Sementara itu Tren Kepuasan terhadap Pelaksanaan Demokrasi di Indonesia juga menurun sejak Juni 2023 sebesar 6,29%. Dari 74,11% menjadi 67,82%.

“Tinjauan terhadap Visi Misi ke 3 Capres/cawapres untuk persoalan pemberantasan korupsi terlihat masih standard, terlalu normatif, belum menyentuh akar persoalan, tidak ada terobosan baru yang ditawarkan kepada pemilih. Juga masih sangat menggantungkan nasib bangsa kepada KPK dan seolah-olah mengkerdilkan lembaga hukum lainnya,” kata Milda.

Seharusnya, lanjut Milda, yang menjadi pemikiran hukum para capres adalah bagaimana mendorong agar kinerja kepolisian dan kejaksaan dapat bekerja secara professional, kredibel, transparan dan akuntabel dalam pemberantasan korupsi. Kemudian mengalokasikan anggaran penyidikan perkara dan kesejahteran penyidik di kepolisian dan kejaksaan yang harus sama dengan anggaran yang  diberikan kepada KPK.

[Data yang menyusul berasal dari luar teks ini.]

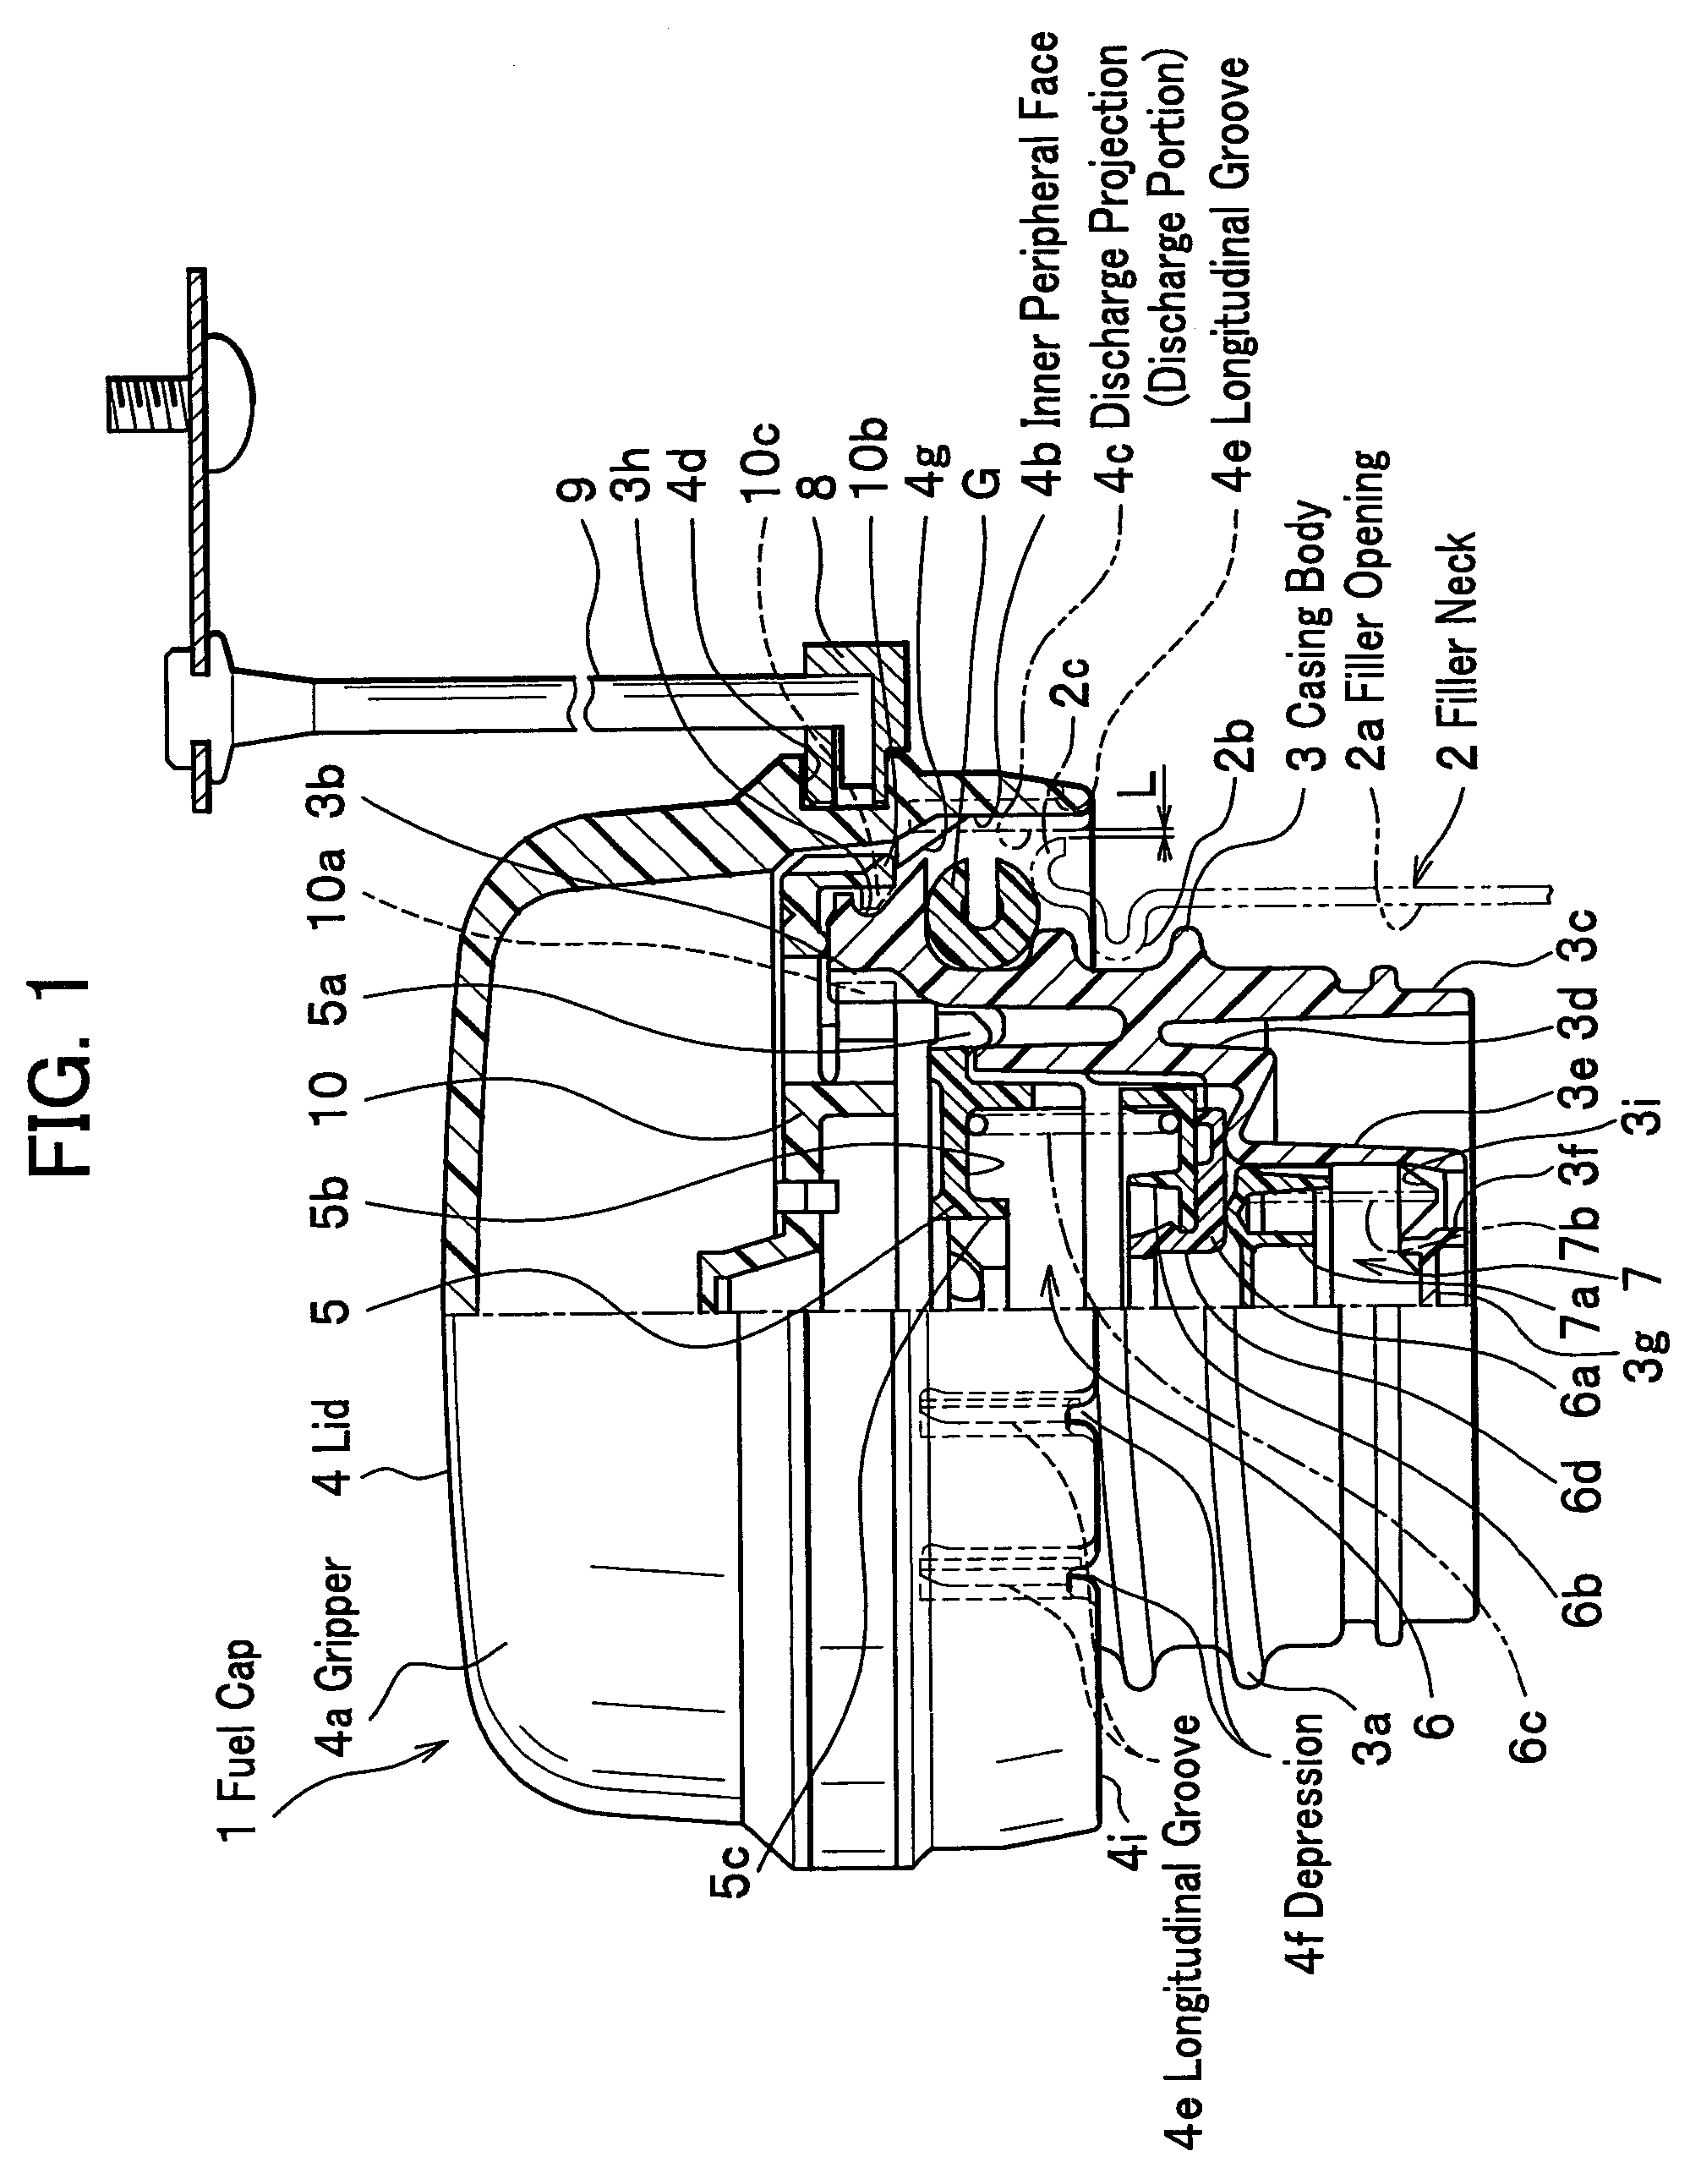 Vehicle fuel cap with axial longitudinal grooves in casing body
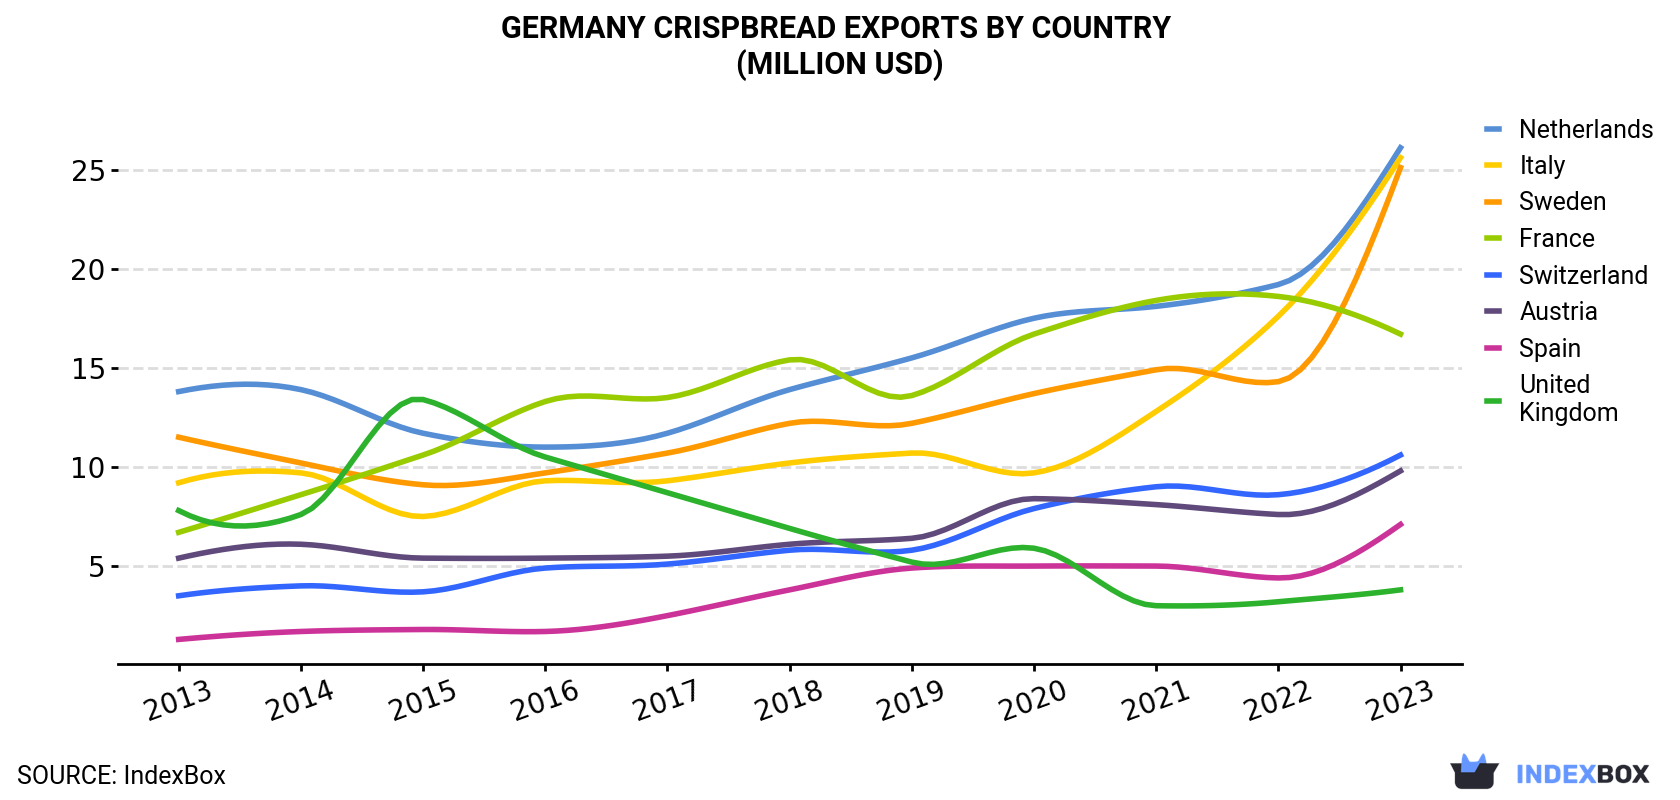 Germany Crispbread Exports By Country (Million USD)

Menurut Milda, saat ini ditengarai telah tumbuh despotisme baru menggabungkan teknologi, media, hukum serta pendekatan keamanan. Potensi ancaman demokrasi khususnya terkait pelanggaran terhadap kebebasan dasar (civil liberties).

“Alih-alih mengejar supremasi hukum, pemerintah melegitimasi tindakannya melalui pembentukan atau perubahan hukum,” ujarnya.

Revisi UU KPK menjadi UU No 19 Tahun 2019 yang meletakkan KPK di bawah rumpun eksekutif adalah salah satu contohnya. Pengesahaan UU KPK hanya dilakukan dalam waktu kurang lebih 14 hari.

“DPR menggelar rapat paripurna yang hanya dihadiri oleh 70 orang anggota DPR dan menghasilkan pengesahan UU No 19 Tahun 2019,” katanya.

Sementara, Asriana Issa Sofia mengatakan, pendekatan ketiga capres terkait penindakan korupsi dan masa depan KPK berpusat pada penegakan hukum yang tidak tebang pilih kasus, dan kedua, menargetkan pada pengesahan RUU pengembalian asset.

“Ketiga capres juga menginginkan penguatan kembali KPK dengan merevisi UU KPK dan pemulihan independensi KPK, memperkuat sinergitas KPK, Polri, Kejaksaan, memperkuat integritas pegawai dan kepemimpinan KPK dengan memperketat seleksi dan melibatkan partisipasi publik, penegakan dan proses hukum, sebagai pemulihan reputasi KPK,” ujarnya.